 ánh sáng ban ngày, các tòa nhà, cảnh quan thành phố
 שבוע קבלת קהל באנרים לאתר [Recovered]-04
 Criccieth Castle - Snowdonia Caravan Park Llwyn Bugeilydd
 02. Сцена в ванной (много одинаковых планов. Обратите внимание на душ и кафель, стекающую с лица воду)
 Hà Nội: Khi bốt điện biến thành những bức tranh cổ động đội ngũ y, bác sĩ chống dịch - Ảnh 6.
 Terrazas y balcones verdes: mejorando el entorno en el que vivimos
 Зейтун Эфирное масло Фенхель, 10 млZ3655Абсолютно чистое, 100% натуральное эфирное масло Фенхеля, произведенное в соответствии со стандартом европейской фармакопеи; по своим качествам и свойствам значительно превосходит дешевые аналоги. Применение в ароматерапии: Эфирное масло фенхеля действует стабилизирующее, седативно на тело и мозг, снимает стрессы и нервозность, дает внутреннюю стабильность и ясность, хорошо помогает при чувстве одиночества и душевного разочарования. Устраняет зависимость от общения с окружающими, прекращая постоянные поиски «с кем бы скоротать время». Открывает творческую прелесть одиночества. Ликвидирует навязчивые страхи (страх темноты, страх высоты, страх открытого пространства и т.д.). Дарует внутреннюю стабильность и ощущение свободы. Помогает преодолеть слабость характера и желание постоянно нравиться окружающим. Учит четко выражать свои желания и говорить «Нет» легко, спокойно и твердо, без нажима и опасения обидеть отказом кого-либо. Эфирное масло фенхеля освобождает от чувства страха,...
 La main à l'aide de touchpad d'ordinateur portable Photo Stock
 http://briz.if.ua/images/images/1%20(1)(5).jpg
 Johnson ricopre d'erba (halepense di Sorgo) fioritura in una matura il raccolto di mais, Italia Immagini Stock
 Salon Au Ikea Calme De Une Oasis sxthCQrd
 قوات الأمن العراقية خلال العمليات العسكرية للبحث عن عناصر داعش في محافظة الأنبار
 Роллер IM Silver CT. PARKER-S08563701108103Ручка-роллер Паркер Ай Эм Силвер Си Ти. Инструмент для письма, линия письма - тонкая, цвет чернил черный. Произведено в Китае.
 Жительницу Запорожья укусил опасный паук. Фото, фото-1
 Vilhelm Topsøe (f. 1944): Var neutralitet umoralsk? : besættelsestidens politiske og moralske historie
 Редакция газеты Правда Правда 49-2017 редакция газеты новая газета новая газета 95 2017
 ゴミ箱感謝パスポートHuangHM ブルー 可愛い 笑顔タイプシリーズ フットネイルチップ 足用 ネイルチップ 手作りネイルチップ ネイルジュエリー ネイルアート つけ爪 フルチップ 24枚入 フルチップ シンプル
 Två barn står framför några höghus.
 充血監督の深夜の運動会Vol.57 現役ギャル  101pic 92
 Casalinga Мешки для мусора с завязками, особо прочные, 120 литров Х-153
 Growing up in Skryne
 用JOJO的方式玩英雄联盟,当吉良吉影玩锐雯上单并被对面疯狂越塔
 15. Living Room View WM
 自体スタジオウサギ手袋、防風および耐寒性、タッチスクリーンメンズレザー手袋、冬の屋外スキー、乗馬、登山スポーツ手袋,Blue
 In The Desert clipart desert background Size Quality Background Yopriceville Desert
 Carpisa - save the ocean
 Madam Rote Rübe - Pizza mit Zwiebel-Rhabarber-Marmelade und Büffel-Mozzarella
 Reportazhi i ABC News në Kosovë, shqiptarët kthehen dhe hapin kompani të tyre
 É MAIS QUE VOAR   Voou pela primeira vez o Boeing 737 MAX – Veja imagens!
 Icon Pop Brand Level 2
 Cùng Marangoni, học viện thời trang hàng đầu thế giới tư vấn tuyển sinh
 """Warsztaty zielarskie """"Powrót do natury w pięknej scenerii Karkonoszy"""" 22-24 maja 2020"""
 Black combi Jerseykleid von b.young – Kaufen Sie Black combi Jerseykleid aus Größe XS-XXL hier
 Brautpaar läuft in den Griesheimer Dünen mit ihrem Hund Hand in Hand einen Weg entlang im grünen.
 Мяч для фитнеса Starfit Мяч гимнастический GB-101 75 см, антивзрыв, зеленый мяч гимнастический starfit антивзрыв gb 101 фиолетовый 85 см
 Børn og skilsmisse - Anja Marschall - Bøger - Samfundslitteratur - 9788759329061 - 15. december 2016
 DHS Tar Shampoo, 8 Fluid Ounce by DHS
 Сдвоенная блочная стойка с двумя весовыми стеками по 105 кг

######

### WHAT TO WORK ON
Please output the full listing one more time, exactly.

### RESPONSE TO THE EXERCISE
 ánh sáng ban ngày, các tòa nhà, cảnh quan thành phố
 שבוע קבלת קהל באנרים לאתר [Recovered]-04
 Criccieth Castle - Snowdonia Caravan Park Llwyn Bugeilydd
 02. Сцена в ванной (много одинаковых планов. Обратите внимание на душ и кафель, стекающую с лица воду)
 Hà Nội: Khi bốt điện biến thành những bức tranh cổ động đội ngũ y, bác sĩ chống dịch - Ảnh 6.
 Terrazas y balcones verdes: mejorando el entorno en el que vivimos
 Зейтун Эфирное масло Фенхель, 10 млZ3655Абсолютно чистое, 100% натуральное эфирное масло Фенхеля, произведенное в соответствии со стандартом европейской фармакопеи; по своим качествам и свойствам значительно превосходит дешевые аналоги. Применение в ароматерапии: Эфирное масло фенхеля действует стабилизирующее, седативно на тело и мозг, снимает стрессы и нервозность, дает внутреннюю стабильность и ясность, хорошо помогает при чувстве одиночества и душевного разочарования. Устраняет зависимость от общения с окружающими, прекращая постоянные поиски «с кем бы скоротать время». Открывает творческую прелесть одиночества. Ликвидирует навязчивые страхи (страх темноты, страх высоты, страх открытого пространства и т.д.). Дарует внутреннюю стабильность и ощущение свободы. Помогает преодолеть слабость характера и желание постоянно нравиться окружающим. Учит четко выражать свои желания и говорить «Нет» легко, спокойно и твердо, без нажима и опасения обидеть отказом кого-либо. Эфирное масло фенхеля освобождает от чувства страха,...
 La main à l'aide de touchpad d'ordinateur portable Photo Stock
 http://briz.if.ua/images/images/1%20(1)(5).jpg
 Johnson ricopre d'erba (halepense di Sorgo) fioritura in una matura il raccolto di mais, Italia Immagini Stock
 Salon Au Ikea Calme De Une Oasis sxthCQrd
 قوات الأمن العراقية خلال العمليات العسكرية للبحث عن عناصر داعش في محافظة الأنبار
 Роллер IM Silver CT. PARKER-S08563701108103Ручка-роллер Паркер Ай Эм Силвер Си Ти. Инструмент для письма, линия письма - тонкая, цвет чернил черный. Произведено в Китае.
 Жительницу Запорожья укусил опасный паук. Фото, фото-1
 Vilhelm Topsøe (f. 1944): Var neutralitet umoralsk? : besættelsestidens politiske og moralske historie
 Редакция газеты Правда Правда 49-2017 редакция газеты новая газета новая газета 95 2017
 ゴミ箱感謝パスポートHuangHM ブルー 可愛い 笑顔タイプシリーズ フットネイルチップ 足用 ネイルチップ 手作りネイルチップ ネイルジュエリー ネイルアート つけ爪 フルチップ 24枚入 フルチップ シンプル
 Två barn står framför några höghus.
 充血監督の深夜の運動会Vol.57 現役ギャル  101pic 92
 Casalinga Мешки для мусора с завязками, особо прочные, 120 литров Х-153
 Growing up in Skryne
 用JOJO的方式玩英雄联盟,当吉良吉影玩锐雯上单并被对面疯狂越塔
 15. Living Room View WM
 自体スタジオウサギ手袋、防風および耐寒性、タッチスクリーンメンズレザー手袋、冬の屋外スキー、乗馬、登山スポーツ手袋,Blue
 In The Desert clipart desert background Size Quality Background Yopriceville Desert
 Carpisa - save the ocean
 Madam Rote Rübe - Pizza mit Zwiebel-Rhabarber-Marmelade und Büffel-Mozzarella
 Reportazhi i ABC News në Kosovë, shqiptarët kthehen dhe hapin kompani të tyre
 É MAIS QUE VOAR   Voou pela primeira vez o Boeing 737 MAX – Veja imagens!
 Icon Pop Brand Level 2
 Cùng Marangoni, học viện thời trang hàng đầu thế giới tư vấn tuyển sinh
 """Warsztaty zielarskie """"Powrót do natury w pięknej scenerii Karkonoszy"""" 22-24 maja 2020"""
 Black combi Jerseykleid von b.young – Kaufen Sie Black combi Jerseykleid aus Größe XS-XXL hier
 Brautpaar läuft in den Griesheimer Dünen mit ihrem Hund Hand in Hand einen Weg entlang im grünen.
 Мяч для фитнеса Starfit Мяч гимнастический GB-101 75 см, антивзрыв, зеленый мяч гимнастический starfit антивзрыв gb 101 фиолетовый 85 см
 Børn og skilsmisse - Anja Marschall - Bøger - Samfundslitteratur - 9788759329061 - 15. december 2016
 DHS Tar Shampoo, 8 Fluid Ounce by DHS
 Сдвоенная блочная стойка с двумя весовыми стеками по 105 кг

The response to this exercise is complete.